Shen Xin, Warm Spell 

Shot on the Thai island of Ko Yao Yai and set amidst the environmental change caused by global warming, Warm Spell explores the economic and cultural challenges the island faces as it shifts from a predominantly farming community to one dependent on tourism. The work constructs a ghostly presence, weaving it through the traces of disparity in climate change amongst high and low emission countries, and the experiences of tourism based on racial representations. This event is offered as an informal ‘preface’ to On Attachments and Unknowns, as part of a series that actively contributes to questions of dialogue and exchange wrought by artists across and around regions of the Pacific.  Warm Spell was co-commissioned by Middlesbrough Institute of Modern Art and Salford University Art Collection. Supported by Elephant Trust London and Rijksakademie Amsterdam.

Shen Xin’s practice engages with film, video installation and performative events. Her work fabricates the process of producing abstraction of inclusivity and foreignness, forming ways to be known to others that is reflexive of images’ representational agencies. Recent solo presentations include Methods of Inhabiting, K11 Shanghai (2018), Sliced Units, Center for Chinese Contemporary Art, Manchester (2018), half-sung, half spoken, Serpentine Pavilion, London (2017) and At Home, Surplus Space, Wuhan, China (2016).
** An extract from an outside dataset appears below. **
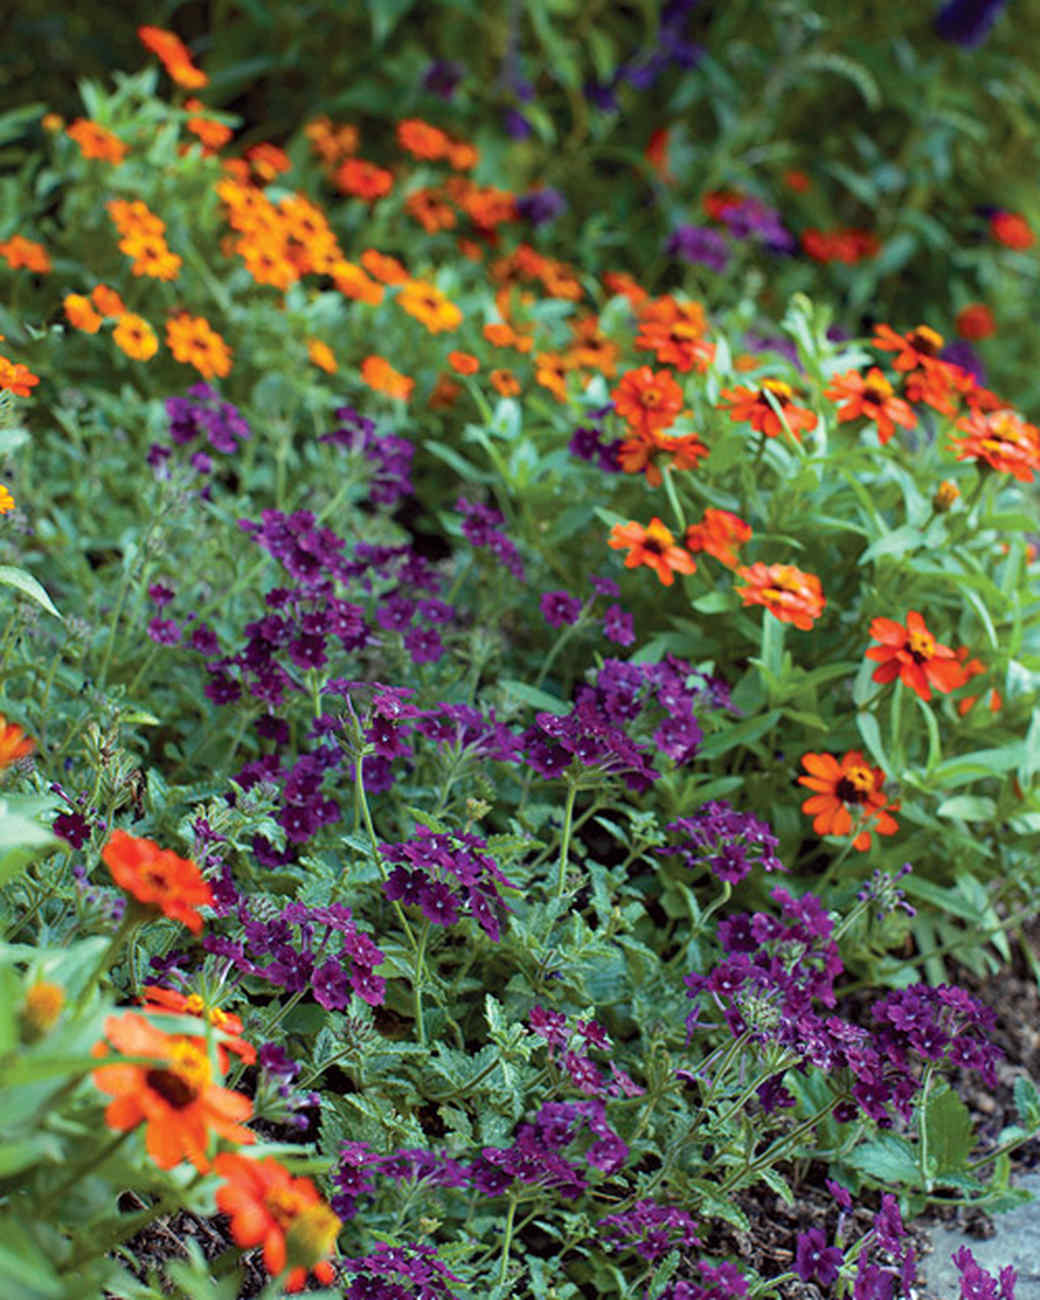 mld104318_0609_orange_purple.jpg

Recent group shows include New Metallurgists, Julia Stoschek Collection, Düsseldorf (2018), Songs for Sabotage, the New Museum Triennial, New York (2018), and The New Normal, UCCA, Beijing (2017). Shen was awarded the BALTIC Artists’ Award in 2017, and she is currently an artist in residence at the Rijksakademie, Amsterdam.

 

Nozomu Ogawa, Art Centre Ongoing & Pacific Crossings Team Alternative Asian Art Network – How do we survive? 

Sharing his experience of a recent three months intensive research trip to 83 art spaces in 9 countries in South East Asia, Ogawa discussed the “collective” activities shared among many artists in South East Asia, where organic communities share resources and networking as pragmatic survival strategies within complex socio-political situations, lacking funding for the arts. Following the trip, Ogawa founded “Ongoing Collective”, with his colleague artists, curators, musicians for seeking a new economy and strategy for being alternative.